Introducing Harness-1: A 20B search subagent trained using reinforcement learning within a stateful search harness in gpt-oss-20b

Machine Learning


Most search agents are trained as a policy against transcript growth. The model determines the search method. You also have to remember what you saw, what evidence was important, and what claims you checked. A team of researchers from the University of Illinois at Urbana-Champaign, the University of California at Berkeley, and the Chroma School argues that this is asking too much. Reinforcement learning will ultimately optimize both search decisions and day-to-day bookkeeping at the same time.

their answer is Harness-1a 20B acquisition subagent built on gpt-oss-20b. It was trained using reinforcement learning within a stateful search harness. Harness holds bookkeeping. Policies preserve semantic decisions. Weights and harness codes are publicly available.

https://arxiv.org/pdf/2606.02373

What actually is Harness-1?

Harness-1 produces a set of ranked documents for downstream response models. It doesn’t answer the question itself. This is done within a state machine harness centered around a per-episode WORKINGMEMORY.

Each turn acts as a loop. Harness renders a compact search state along with recent actions. The model emits one structured action. The harness runs it, updates the state, and renders the next observation.

Stateful Harness: What’s Out of Policy?

The research team calls the principle stateful cognitive offloading. Policies determine what to search, curate, and verify, and when to stop. The harness remains recoverable based on these decisions.

That condition includes several pieces. The candidate pool holds compressed and deduplicated documents. A curated set of importance tags is the final output, and the number of documents is limited to 30. The tag takes four values: very_high, high, fair, or low. The full-text store keeps all retrieved chunks outside of the prompt.

Evidence graphs add structure. The regular expression extractor scans each chunk for proper nouns, years, and dates. The harness then renders frequently used entities, bridge documents, and singletons. A bridge document contains two or more frequently used entities. Singletons appear within one document and suggest follow-up leads.

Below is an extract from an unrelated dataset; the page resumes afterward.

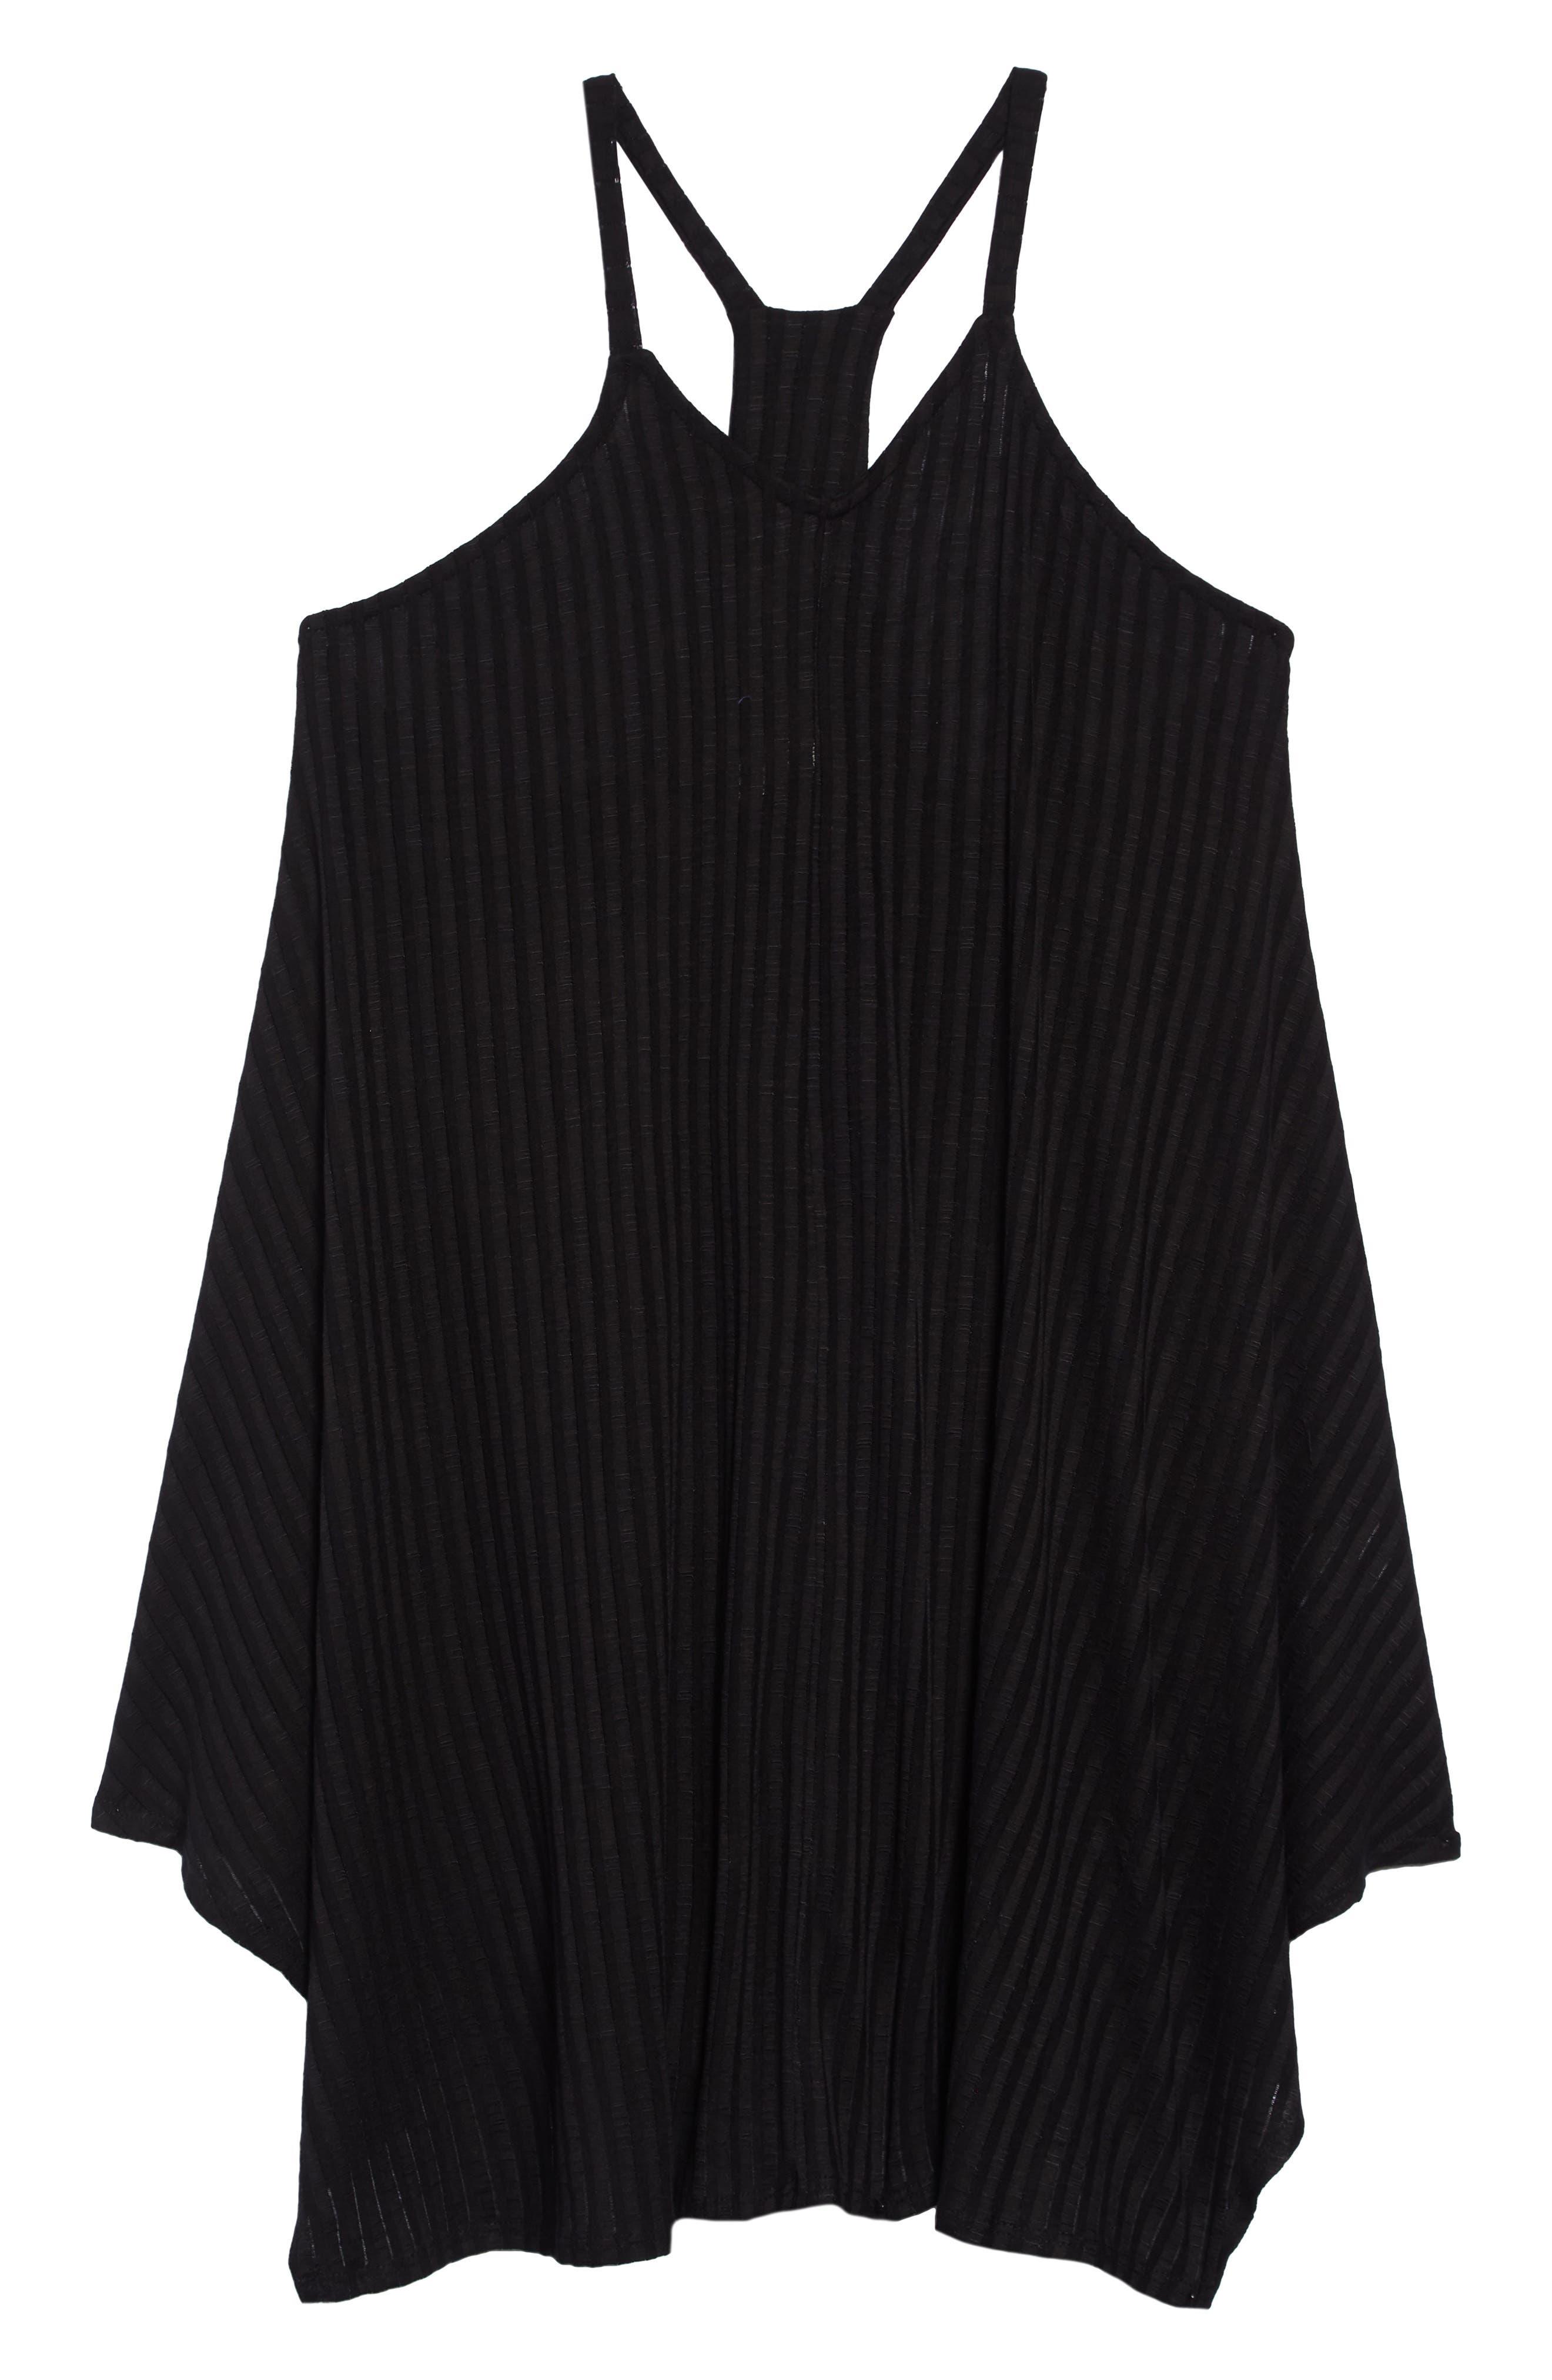 BILLABONG Twist View Cover-Up Dress, Main, color, BLACK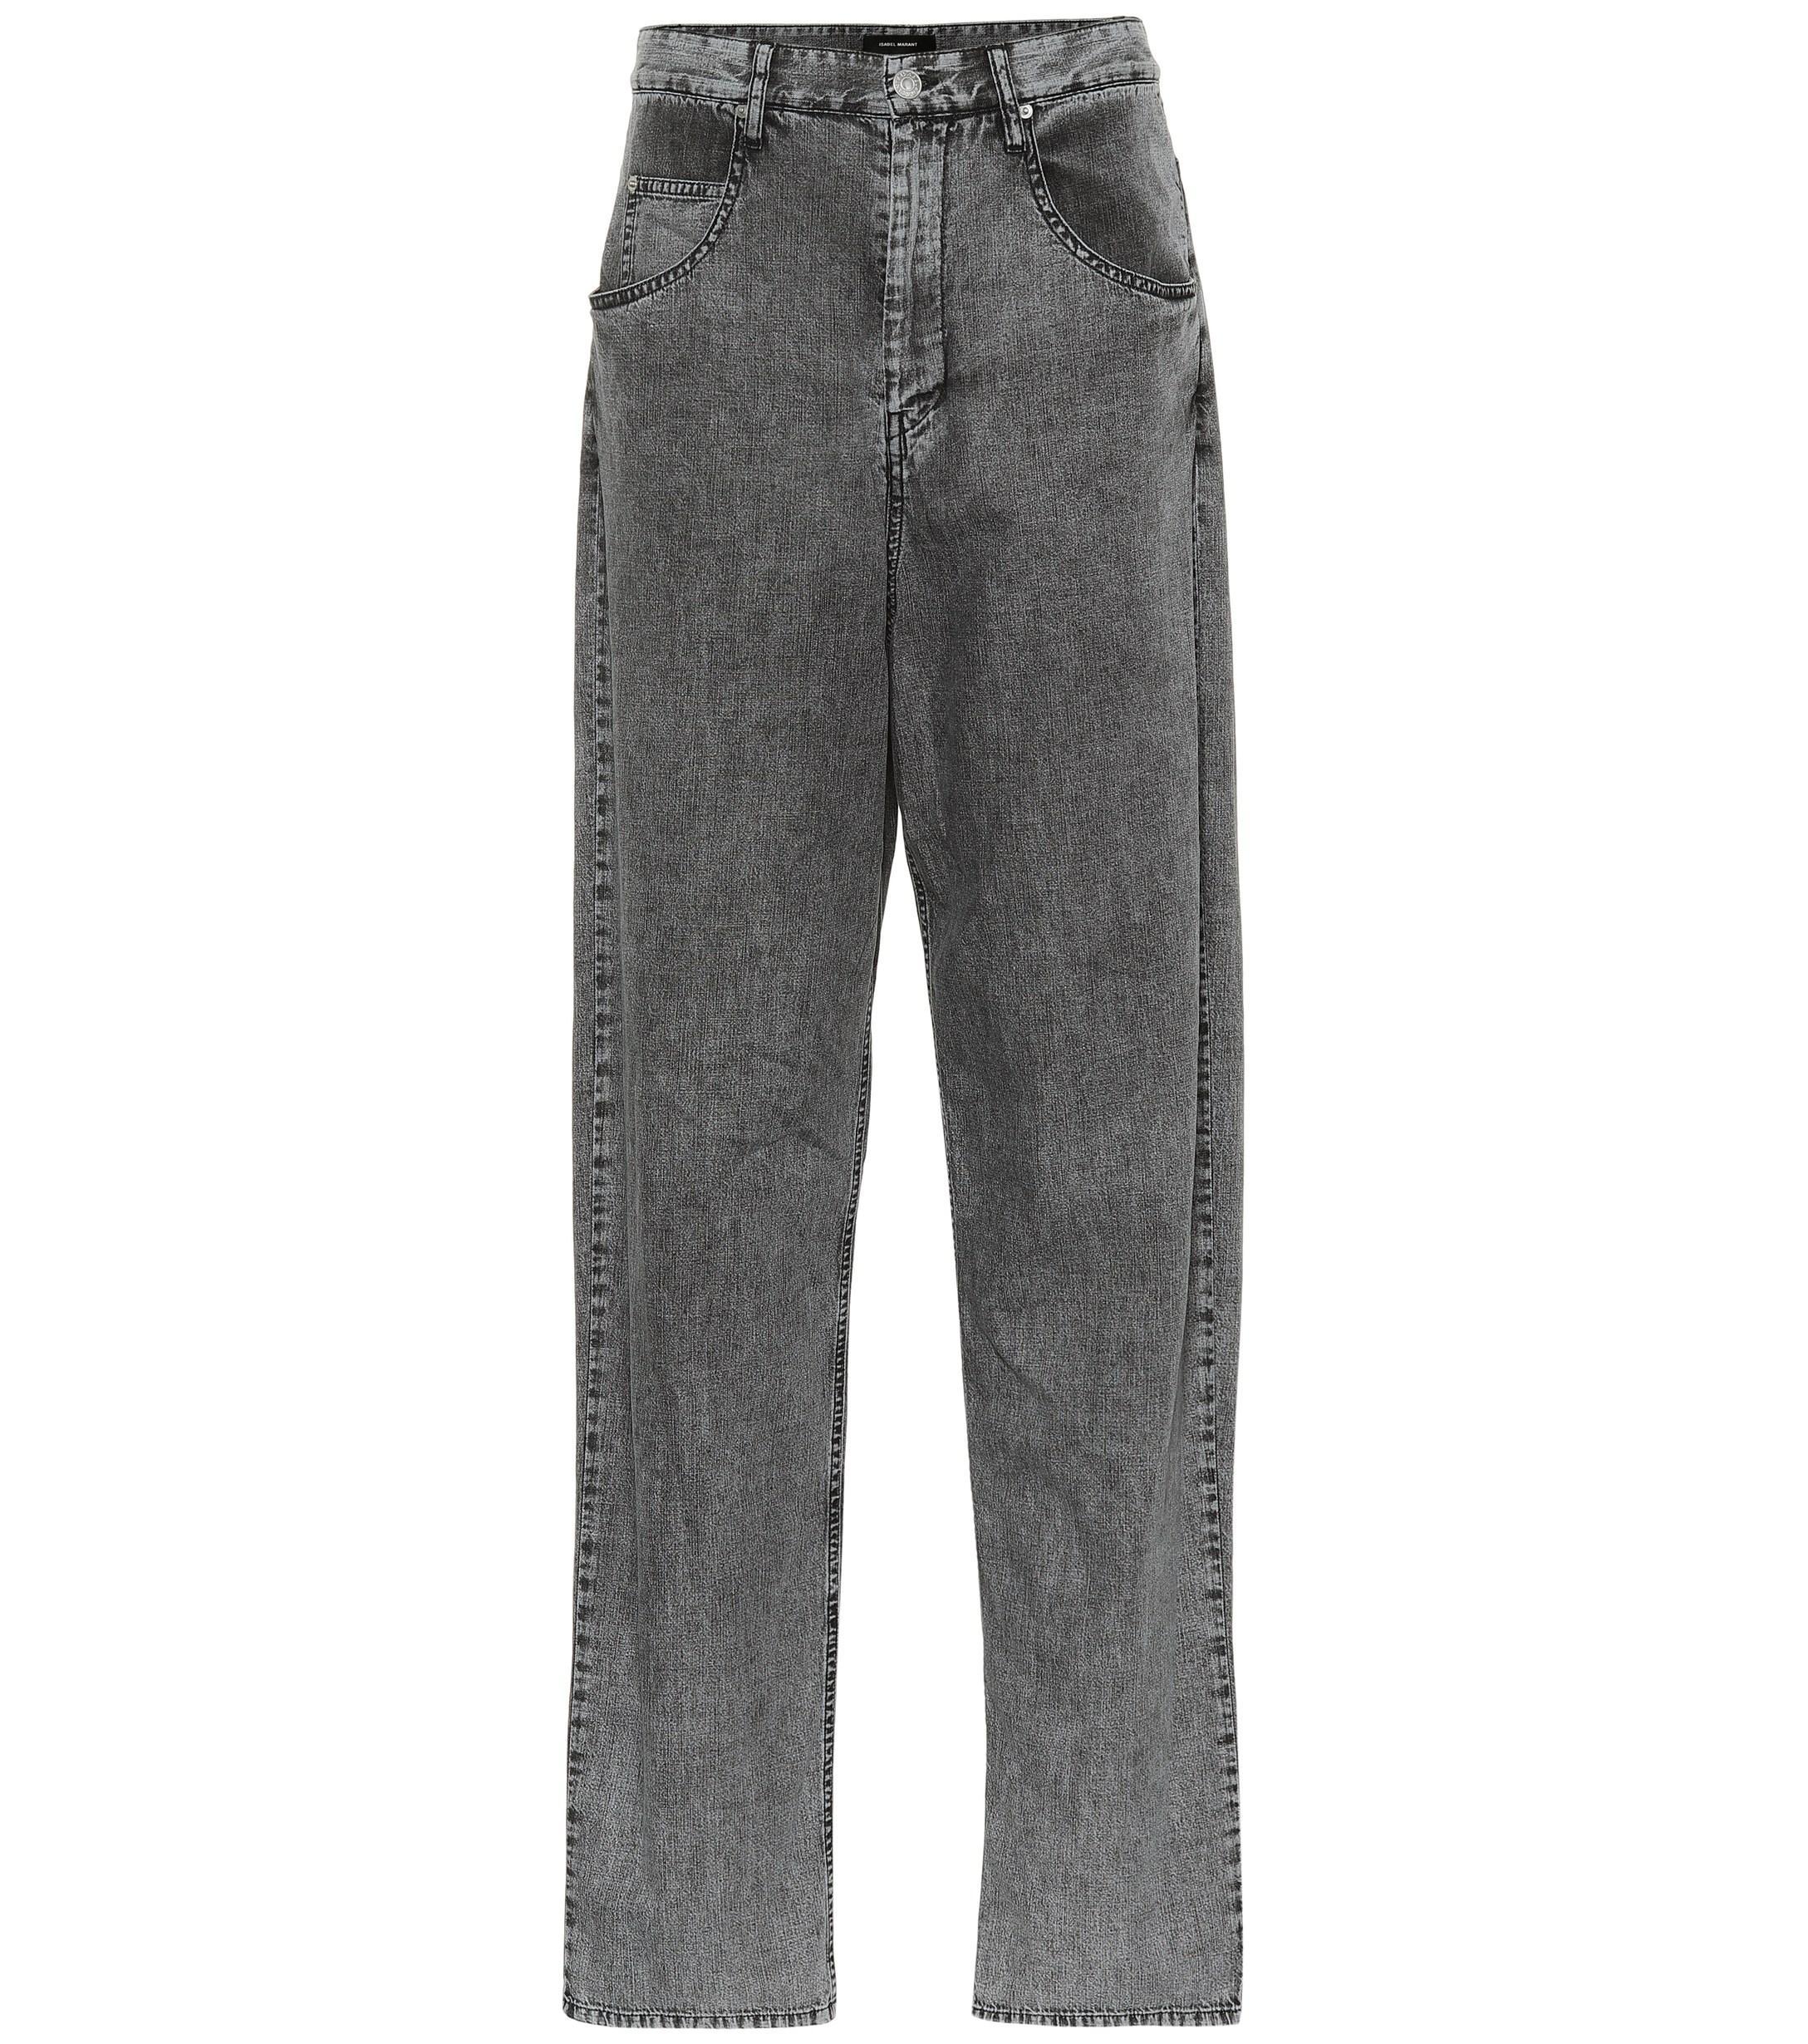 6ce57b9b5bb Isabel Marant Lex High-rise Boyfriend Jeans in Gray - Lyst

This policy works through eight tools. These are fan_out_search, search_corpus, grep_corpus, read_document, review_docs, curate, verify, and end_search. The search output is compressed with sentence-BM25 to keep the top four sentences. Two-level deduplication removes repeats by chunk ID and content fingerprint.

One design choice is to accommodate cold starts. The first successful search automatically seeds a curated set of 8 re-ranked results with significant weight. The policy then promotes strong documentation and removes weak documentation. This changes the task from building from scratch to refining.

The research team identified three requirements for a trainable harness. These are warm-start curation, compact derived state rendering, and incentives to maintain diversity. Harness-1 implements all three.

training method

The training is divided along the same lines as the harness. Supervised fine-tuning teaches a model how to interact with an interface. Reinforcement learning improves search decisions for maintained states.

One teacher GPT-5.4 runs live in full harness. After filtering, 899 trajectories remain in the SFT. The model uses LoRA with rank 32 over 3 epochs. Step 550 Checkpoint initializes the RL.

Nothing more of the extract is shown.